Thanks to the U.S. Department of Labor, millions of Americans will soon qualify for overtime pay. The agency is finalizing “The Overtime Rule,” which will require that all anyone who draws a salary of less than $47,476 annually ($913/week) must be paid time-and-a-half for any hours they tackle beyond a 40-hour workweek. The current threshold is just $23,660. The change puts 4.2 million people on track to earn overtime pay, starting December 1, 2016. The threshold will then increase every three years, based on overall wage growth.

The Bureau of Labor Statistics reports that in the first quarter of 2016, the median earnings for White full-time wage and salary workers was $857 per week. Blacks made $673, Hispanics made $612 and Asians made $1,032.

“People are going to get at least one of three benefits,” Labor Secretary Tom Perez told NPR. “They’re either going to get more money … more time with their family, or everybody is going to get clarity.” Indeed, the Labor Department posting on the rule makes it clear that employers can respond in one (or a mix) of three ways:

  1. Pay time-and-a-half for overtime work
  2. Raise salaries above the threshold
  3. Limit hours to 40 per week

 

“Our whole mission here is about strengthening and growing the middle class,” Perez said. “In order to do that, we need to ensure that middle class jobs pay middle class wages.”

The Administration draws its authority for the rule from the Fair Labor Standards Act, which “establishes minimum wage, overtime pay, recordkeeping, and youth employment standards affecting employees in the private sector and in Federal, State, and local governments.” Today, it only provides about 7 percent of salaried workers with overtime protection.

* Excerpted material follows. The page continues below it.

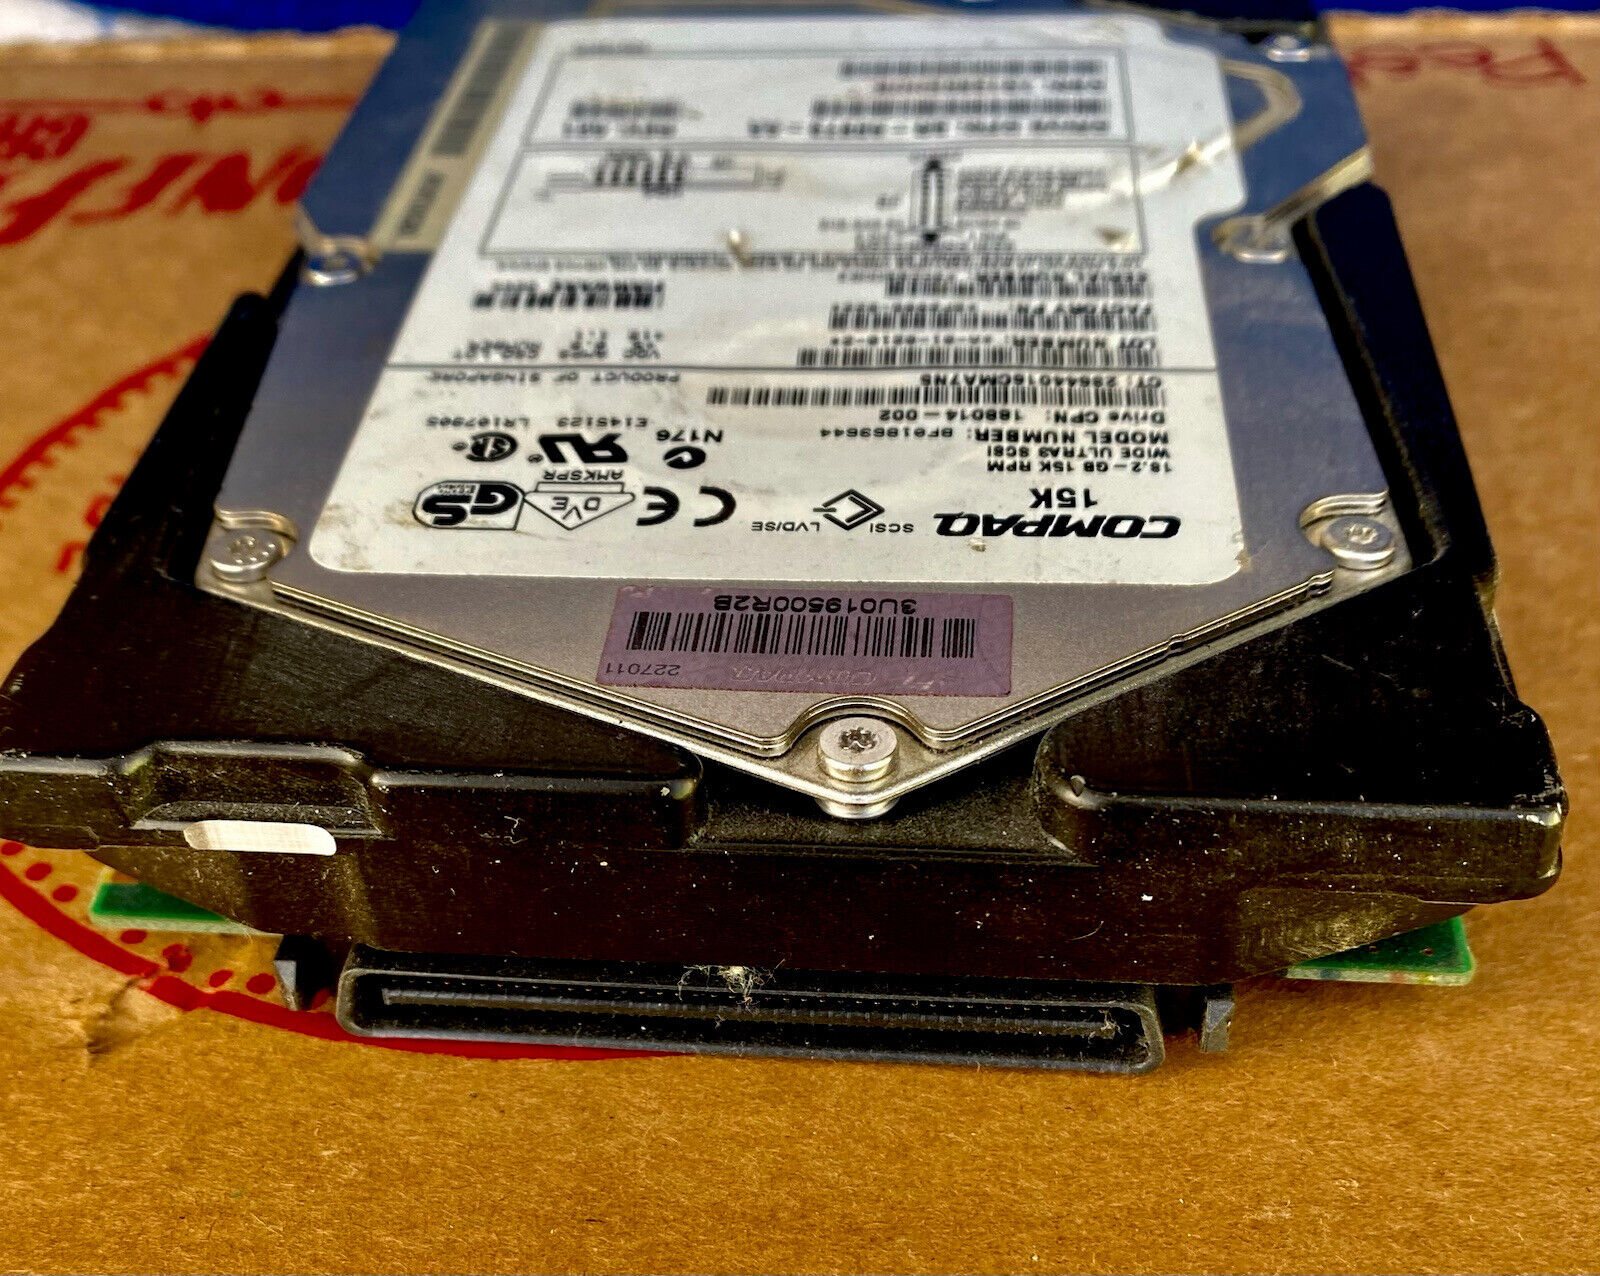 COMPAQ 9P2006-022 188014-002 BF01863644 18GB 15K RPM WIDE ULTRA3 SCSI HDD
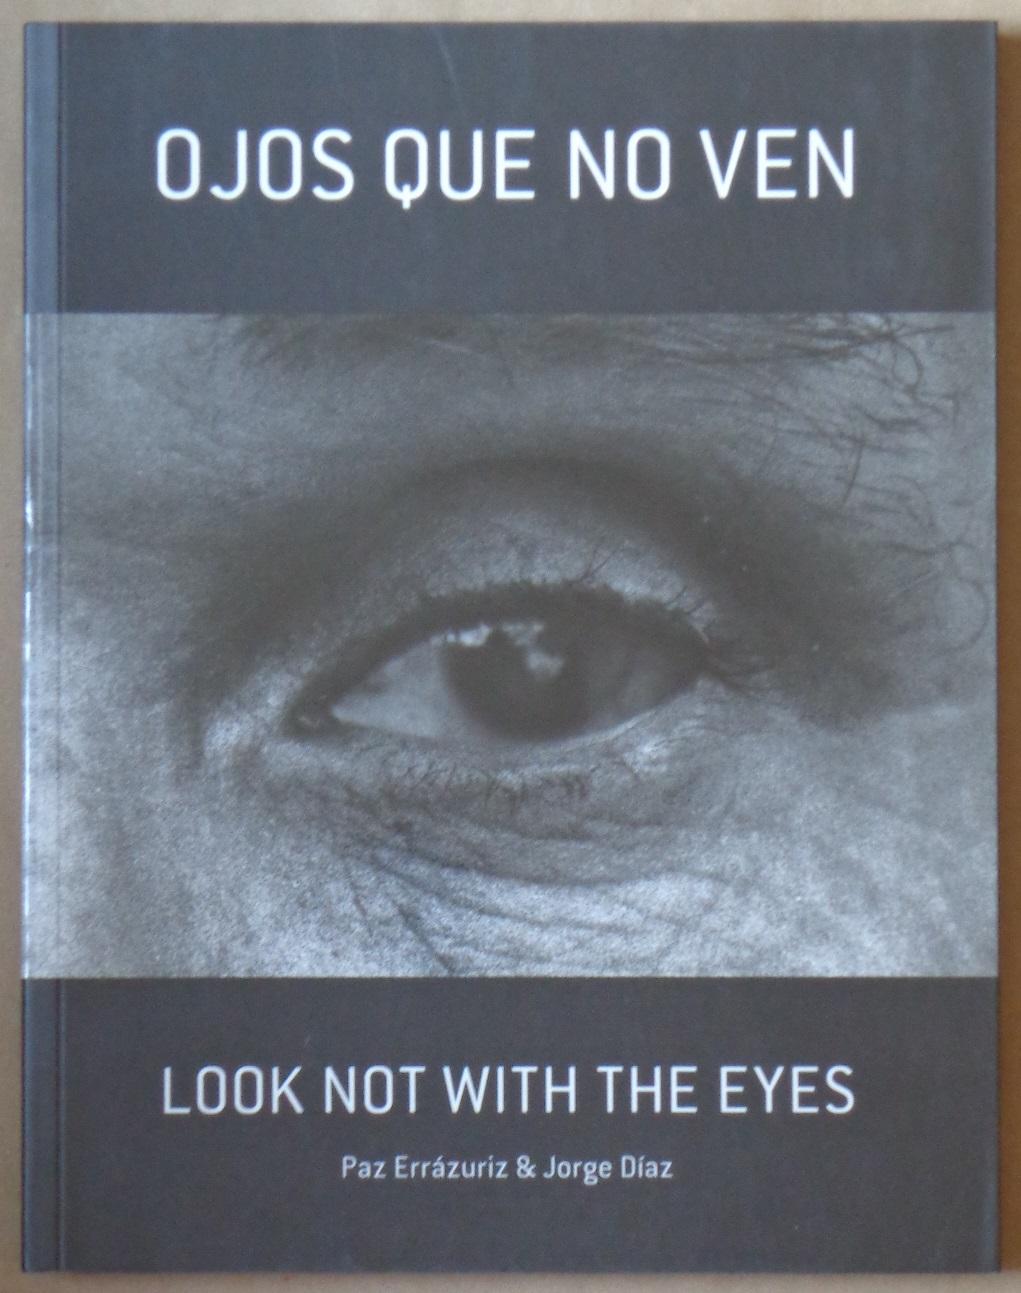 Ojos que no ven - Paz Errázuriz, Jorge Diaz

When the new threshold kicks in, it will cover closer to 35 percent.

Critics are pushing Congress to block the rule, but President Barack Obama would be expected to use his veto power in that instance. “What our members have told us, what many other employers have told us, is there’s not a golden pot of money out there sitting in employers’ pockets where they can all of a sudden pay a lot more overtime pay,” David French, vice president of the National Retail Federation, told NPR. “Instead, they’re going to make the rational change and they’re going to change jobs.”